The name of the view springmvc is passed in to the constructor of ModelAndView. The addObject methods add 2 model objects greeting and member1. Later you will see how the view can retrieve the objects and display them.

Step 3: Every Spring application needs metadata that defines the beans and their dependencies. For this application, we create a springmvc-servlet.xml. We help spring find it by specifying its location in web.xml.

<context-param>
    <param-name>contextConfigLocation</param-name>
    <param-value>/WEB-INF/springmvc-servlet.xml</param-value>
</context-param>

In springmvc-servlet.xml, the controller bean is defined as

<bean name="/*.htm" class="com.mj.spring.mvc.SpringMVCController"/>

Step 4: How does DispatcherServlet know which Controller should handle the request ?

Spring uses handler mappings to associate controllers with requests. 2 commonly used handler mappings are BeanNameUrlHandlerMapping and SimpleUrlHandlerMapping.

In BeanNameUrlHandlerMapping, when the request url matches the name of the bean, the class in the bean definition is the controller that will handle the request.

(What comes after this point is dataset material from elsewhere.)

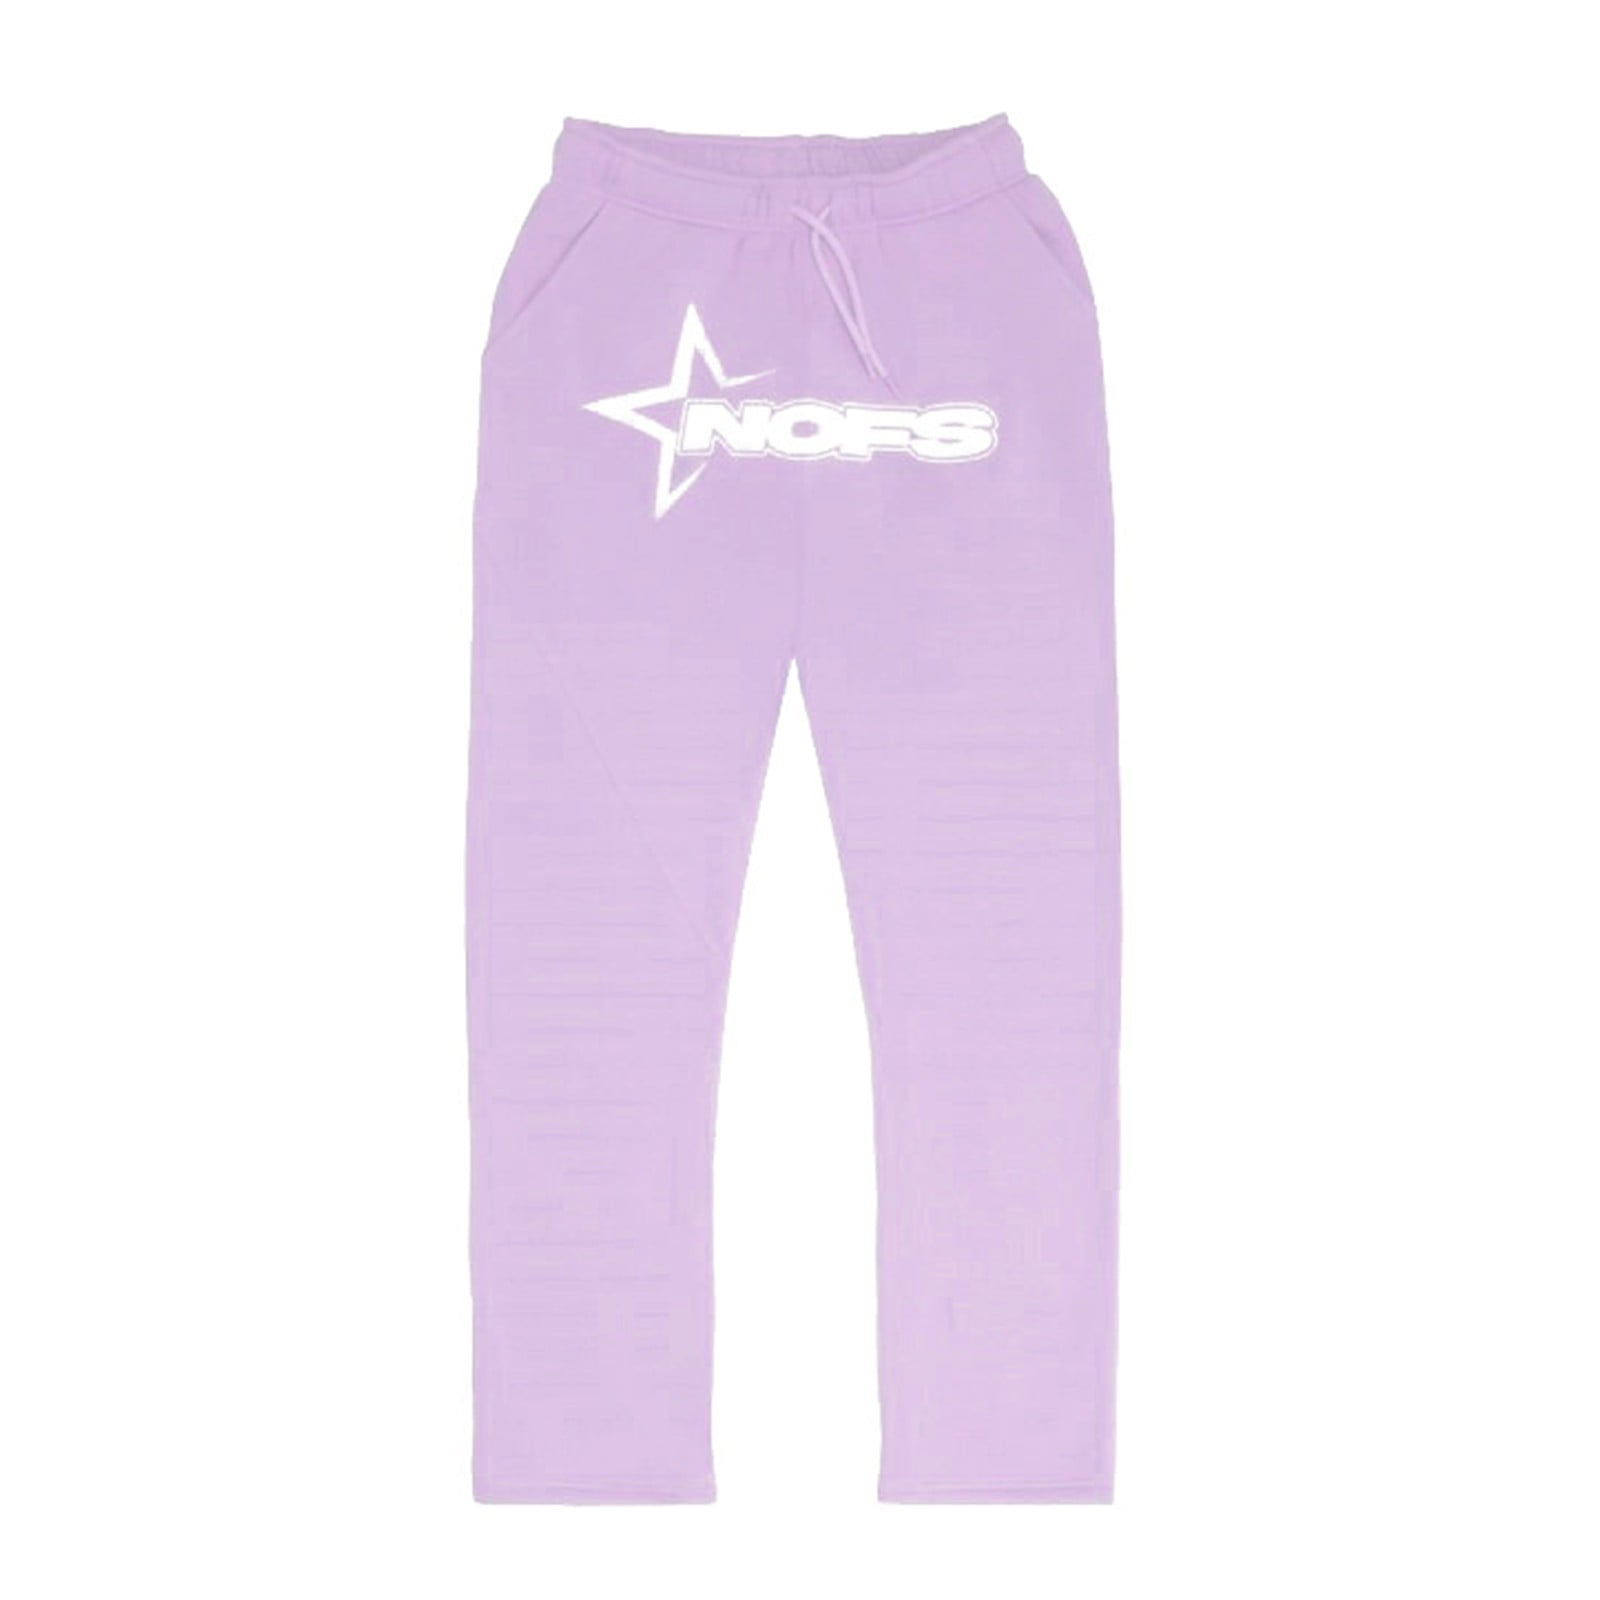 Don't Miss Out! Gomind NOFS Women's Pajama Pants Street Hip-hop ...

In our example, we use BeanNameUrlHandlerMapping as shown below. Every request url ending in .htm is handled by SpringMVCController.

<bean name="/*.htm" class="com.mj.spring.mvc.SpringMVCController"/>

In SimpleUrlHandlerMapping, the mapping is more explicit. You can specify a number of urls and each URL can be explicitly associated with a controller.

Step 5: How does the DispatcherServlet know what to return as the response ?

As mentioned earlier, the handleInternalRequest method of the controller returns a ModelandView Object.

In the controller code shown above, the name of the view "springmvc" is passed in the constructor to ModelAndView. At this point we have just given the name of the view. We have not said what file or classes or artifacts help produce the html, nor have we said whether the view technology used is JSP or velocity templates or XSLT. For this you need a ViewResolver, which provides that mapping between view name and a concrete view. Spring lets you produce a concrete view using many different technologies, but for this example we shall use JSP.

Spring provides a class InternalResourceViewResolver that supports JSPs and the declaration below in springmvc-servlet.xml tells spring that we use this resolver. The prefix and suffix get added to view name to produce the path to the jsp file that renders the view.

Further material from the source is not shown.